A Clinical Phase II Study of Sorafenib in Advanced Hepatocellular Carcinoma

Hanan Shawky Gamal El Deen and Emad Abd-Elmongy Sadaka

Purpose:Sorafenib is an oral multikinase inhibitor of the vascular endothelial growth factor receptor, the platelet-derived growth factor receptor and Raf with demonstrated efficacy as first-line therapy for patients with inoperable hepatocellular carcinoma (HCC). We reported the preliminary results of this treatment to evaluate its safety, tolerability, and efficacy in patients with inoperable HCC.

Patients and Methods: Patients with inoperable HCC and a Karnofsky performance status (KPS) of ≥70, Child-Pugh (CP) score of A or B, an elevated alphafetoprotein (AFP) level and adequate hematologic, renal and hepatic functions; were enrolled. No Prior therapy was permitted. The regimen was sorafenib at a dose of 400 mg bid, given 7 days per week. Treatment was maintained until disease progression or unacceptable toxicity.
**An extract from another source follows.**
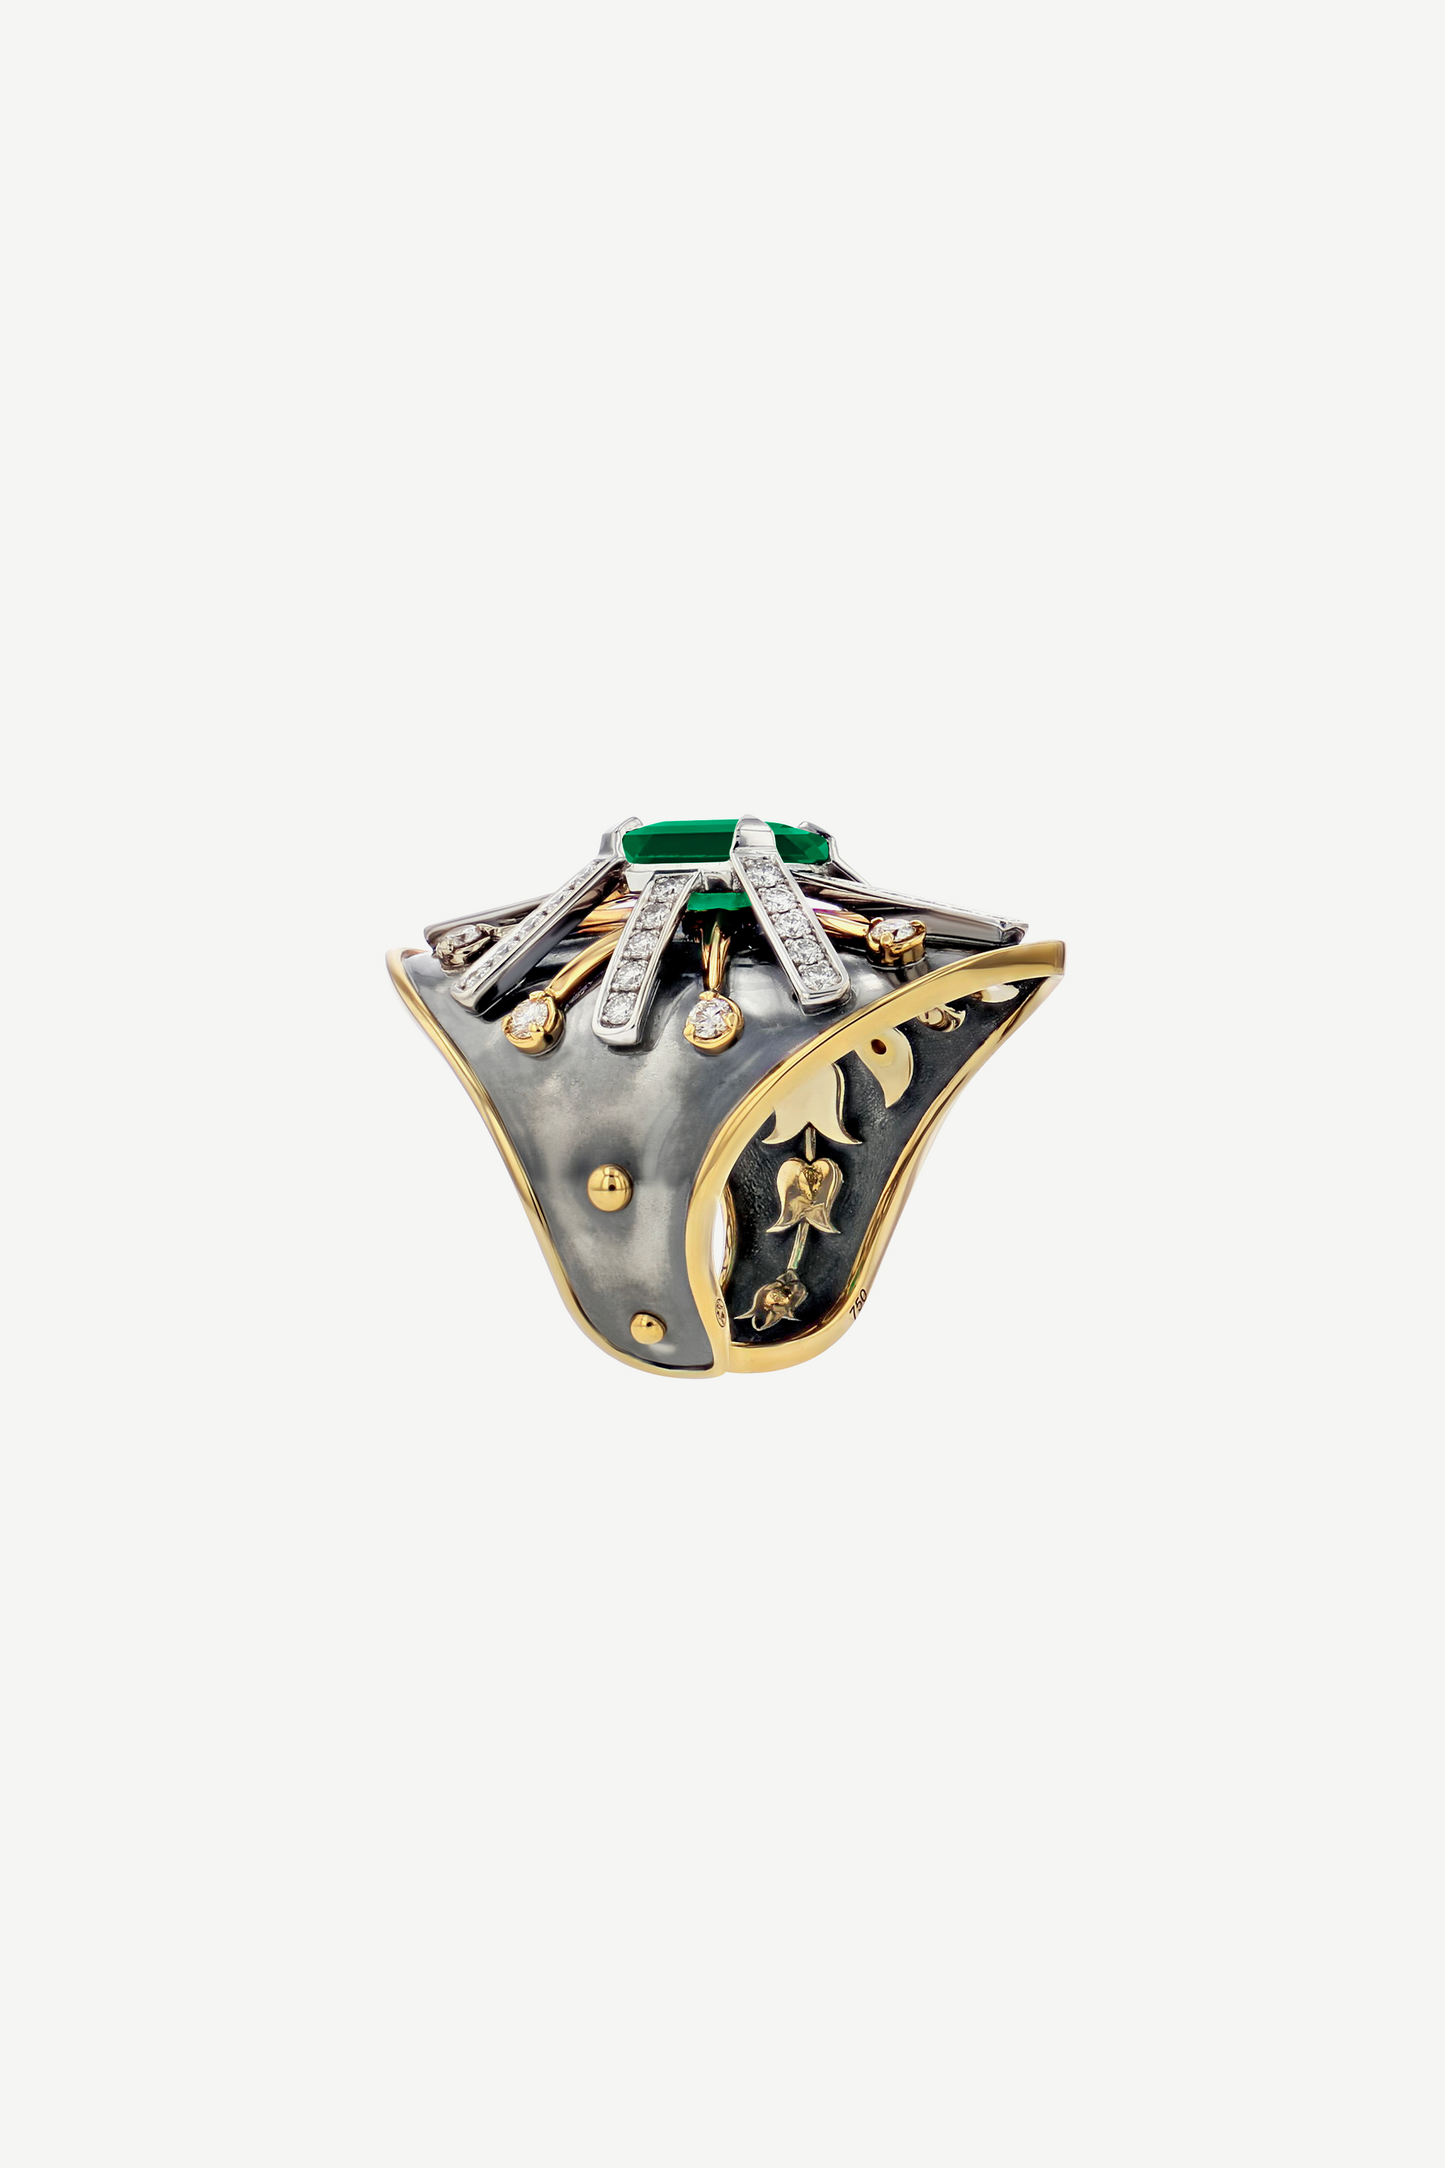 Emerald Ecu Ring

Results:Twenty one patients with a median age of 53 years (range, 39-73 years) were accrued at Clinical Oncology Department, Faculty of Medicine, Tanta University Hospital, Egypt and King Abd-Elaziz Hospital, Gedah, KSA. Previously, no Prior therapy was permitted. All patients who were entered on the study were assessable for toxicity and response of sorafenib. There were 2 clinical responses (9.5%) and another 8 (38.1%) had stable disease. Disease control rate was 47.6%. No Grade 3-4 hematologic toxicities were recorded. The most common grade 3-4 non-hematological toxicities were fatigue in 3 patients (14.3%), hand-foot skin reaction (HFS) in 2 patients (9.5%) and Diarrhea in 2 patients (9.5%).The estimated median progression-free and median overall survival times were 4 and 9 months, respectively, and the 1-year overall survival rate was 38.1%. There was no treatment-related death.

Conclusion: The results of this study suggested that, in the population with inoperable HCC, daily sorafenib regimen had good clinical activity with an acceptable toxicity.